• L’OBJECTIF ET LA METHODE DE LA FRANC-MAÇONNERIE. (Troisième partie)

    « A cause de l’idée « je-suis-dans-le-corps, on redoute la mort comme la perte de Soi-même. La naissance et la mort ne s’appliquent qu’au corps, mais elles sont superposées au Soi. » (Ramana Maharshi).

    « Les phénomènes sont réels quand ils sont vécus comme le Soi, et illusoires quand ils sont considérés comme séparés du Soi. » (Ramana Maharshi).

     

     

    L’OBJECTIF ET LA METHODE DE LA FRANC-MAÇONNERIE. (Troisième partie)

     

    4) SEPT PRINCIPES :

     

    1. La vie est mort et la mort est vie :

    La montagne et le puits : Les 33 degrés du rite écossais ancien et accepté correspondent à l’escalade d’une montagne. Tant que l’on est sur le chemin, il n’est possible que d’avoir une vue partielle du monde, et il serait présomptueux d’affirmer alors détenir LA vérité. C’est pourquoi le silence est alors de rigueur. Et lorsque l’on parvient au sommet de la montagne, notre vue est UNE. Mais cette vérité se vit et ne s’exprime pas. C’est ce qui se produit avec la poupée de sel, à la recherche de son être véritable : tant qu’elle s’enfonce dans l’eau, elle ne peut rien dire, et lorsqu’elle est parvenue au but, elle est complètement dissoute, elle a disparu quant à sa forme. Elle s’exprime en tant que Un. Celui qui sait, se tait. Celui qui parle, ne sait pas.

    On peut accéder au sommet de la montagne, sans passer par les hauts-grades, car le grade de Maître donne la plénitude des droits et devoirs du franc-maçon.

    Par ailleurs la descente dans le puits est l’image de notre propre descente à l’intérieur de nous-même. La vérité est cachée au fond du puits.

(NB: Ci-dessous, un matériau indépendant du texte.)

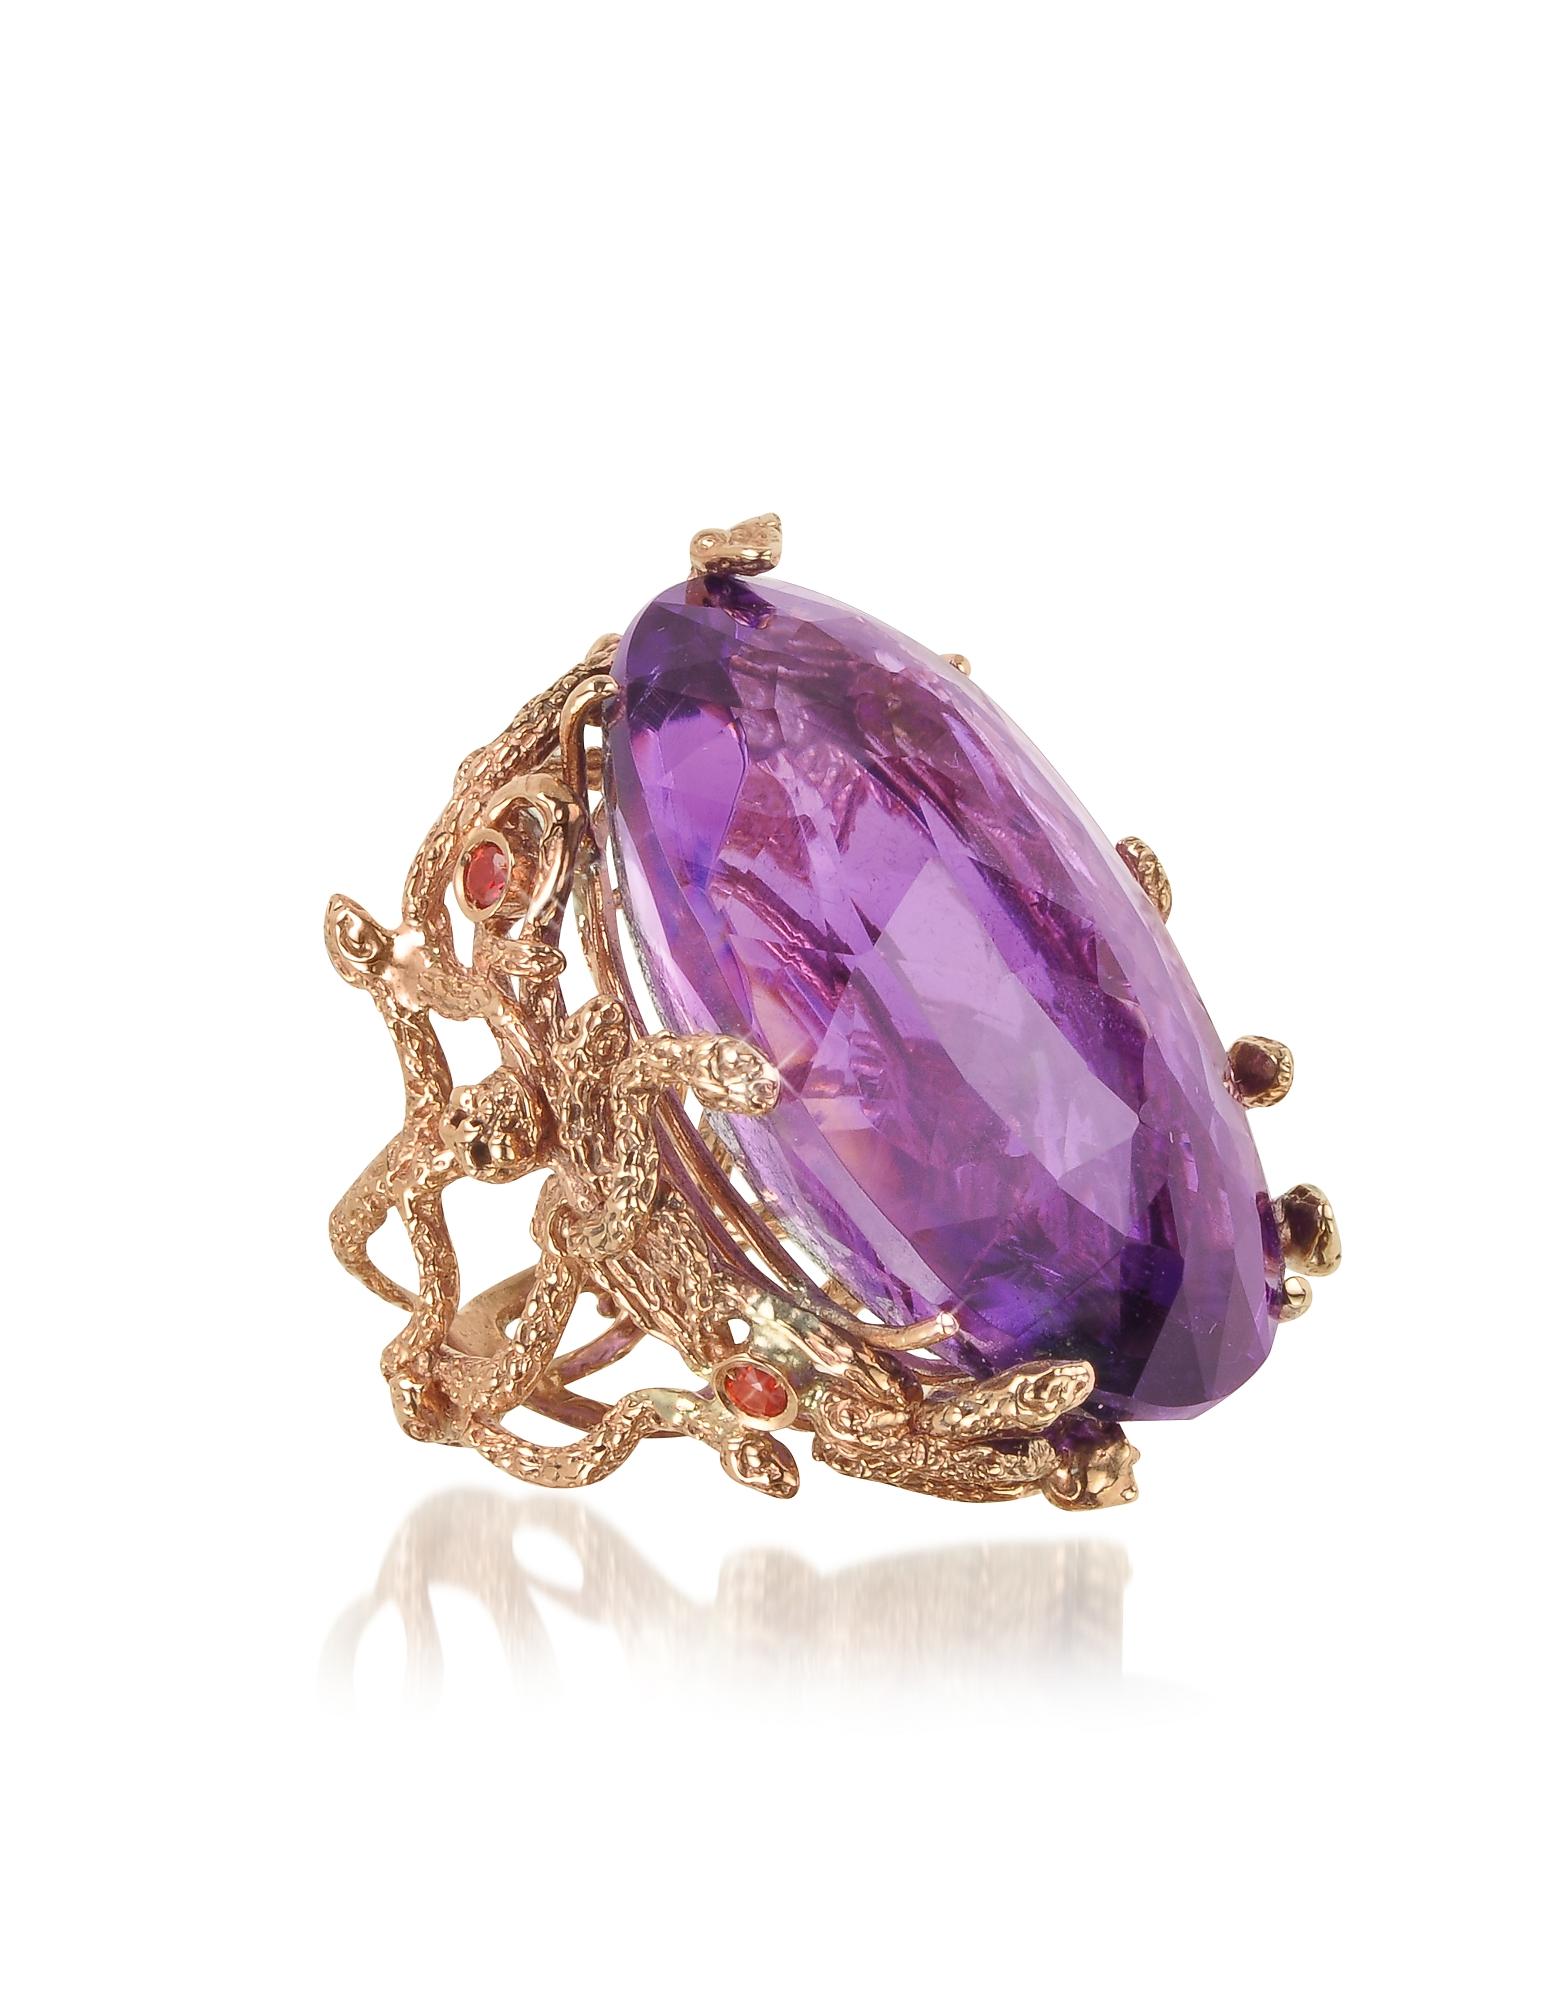 Bernard Delettrez Rings, Medusa Rose Gold w/Dark Violet Amethyst Medusa Ring

    Chacun doit faire le chemin, monter et descendre, descendre et monter, jusqu’ au moment où le haut et le bas n’ont plus d’importance. L’essentiel est d’être, d’où le silence, car le fait d’être ne peut se transmettre, il doit se vivre tout simplement. Vitriol ! C’est la perpendiculaire : il faut descendre au fond de notre propre puits pour mieux revenir de nos peurs, de nos angoisses et de nos croyances. Il faut descendre en enfer, dans notre propre enfer, pour mieux revenir à notre lumière, au principe fondamental qui est au fond de nous, la Lumière éternelle, à ce qui est de toujours, et qui n’est pas de notre monde.

    La Vérité est au sommet de la montagne. Elle est également au fond du puits ; mais dans un cas comme dans l’autre, elle ne peut se dire !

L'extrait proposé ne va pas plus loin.